The training dataset contains 159571 examples.
The dataframe is composed of 8 columns:
id
comment_text
toxic
severe_toxic
obscene
threat
insult
identity_hate


In [5]:
id_train = df_train['id']
x_train = df_train['comment_text']
y_train = df_train.iloc[:, 2:].values

id_test = df_test['id']
x_test = df_test['comment_text']

##### display some examples of comments

In [6]:
# select randomly some examples
examples = random.sample(range(x_train.shape[0]),3)

print(examples)
for ex in examples:
    print('Comment:  {}'.format(x_train[ex]))
    print('Labels:    {}'.format(y_train[ex]))
    print('\n')

[55964, 91486, 127653]
Comment:  And you'll be pleased to know that this article has now come back to life with some decent references. OIC and myself are in the middle of sourcing even more for it, so don't be suprised if it gets further expansion. This is us being a little spiteful towards a user who doesn't have a snowflakes chance in hell of getting the mop.  (talk)
Labels:    [1 0 0 0 0 0]


Comment:  No it's not. There are still several typos, and the overall writing could be better. ♬♩  (talk)
Labels:    [0 0 0 0 0 0]


Comment:  "
 Speedy deletion of ""27 Tricor Ave. New Paltz, NY 12561"" 

 A page you created, 27 Tricor Ave. New Paltz, NY 12561, has been tagged for deletion, as it meets one or more of the criteria for speedy deletion; specifically, it is nonsense or gibberish.

You are welcome to contribute content which complies with our content policies and any applicable inclusion guidelines.
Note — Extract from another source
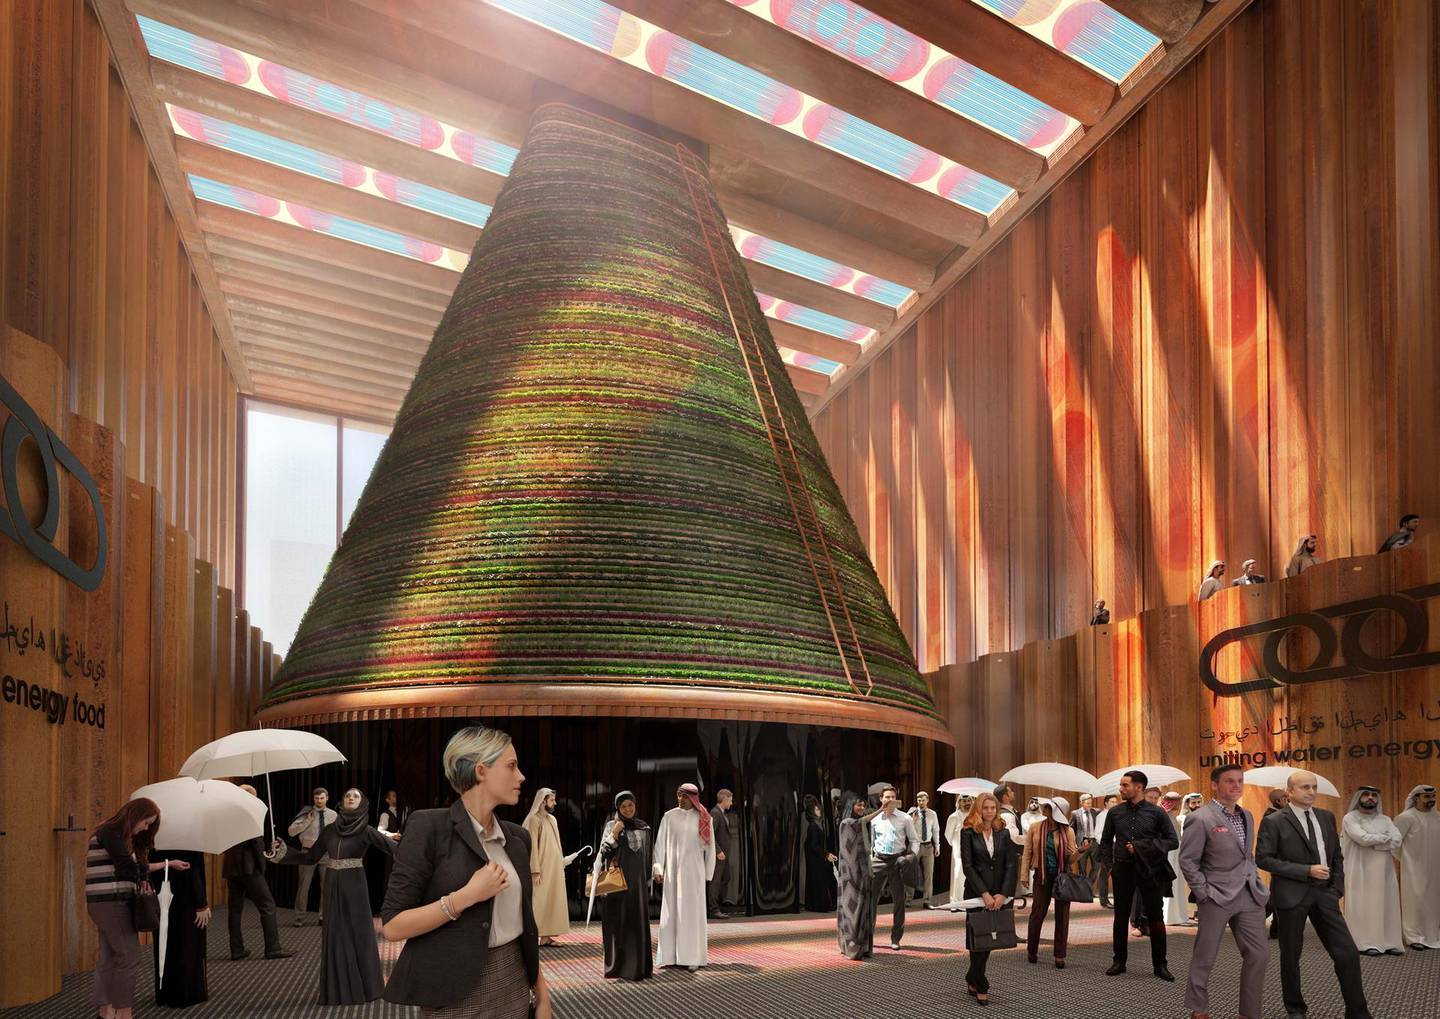 FOR RAMOLA'S STORY ON NETHERLANDS EXPO PAVILION. The Netherlands pavilion will harvest water, energy and food in a cone-shaped vertical farm. Courtesy: V8 Architects
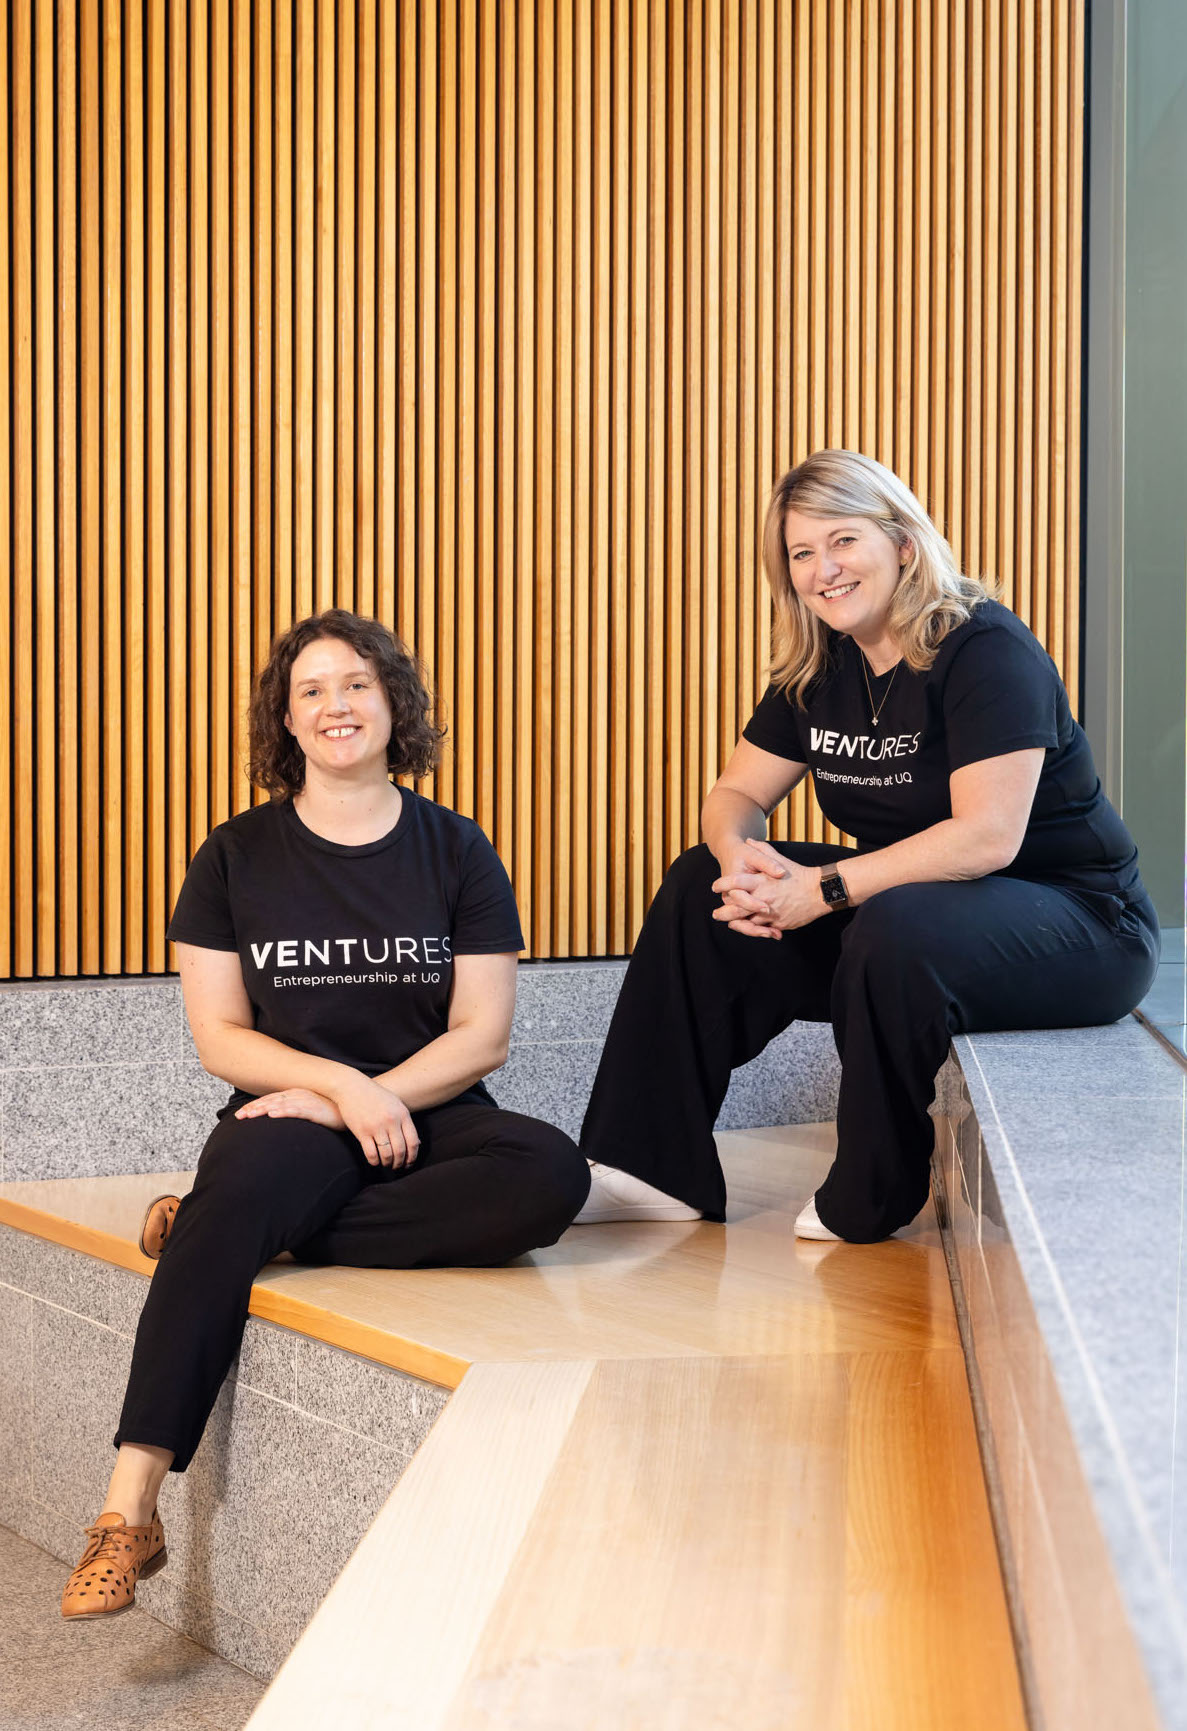 Ventures staff sitting on step with wood panelling in background

However, please do not simply re-create the page with the same content. You may al

## Preprocess data

### Tokenizer

Create a tokenizer, which whill be use to vectorize the text of the comments (see: https://keras.io/preprocessing/text/ ).   
Then, fit the tokenizer on the training dataset and run it on the training and testing comments.

In [7]:
# create tokenizer
max_num_words = None

tokenizer = Tokenizer(num_words = max_num_words, filters='!"#$%&()*+,-./:;<=>?@[\]^_`{|}~\t\n',
                      lower=True, split=' ', char_level=False, oov_token=None)

In [8]:
# fit tokenizer
tokenizer.fit_on_texts(list(x_train))

In [9]:
word_index = tokenizer.word_index # dictionnary of words whith their indexes (uniquely assigned integers)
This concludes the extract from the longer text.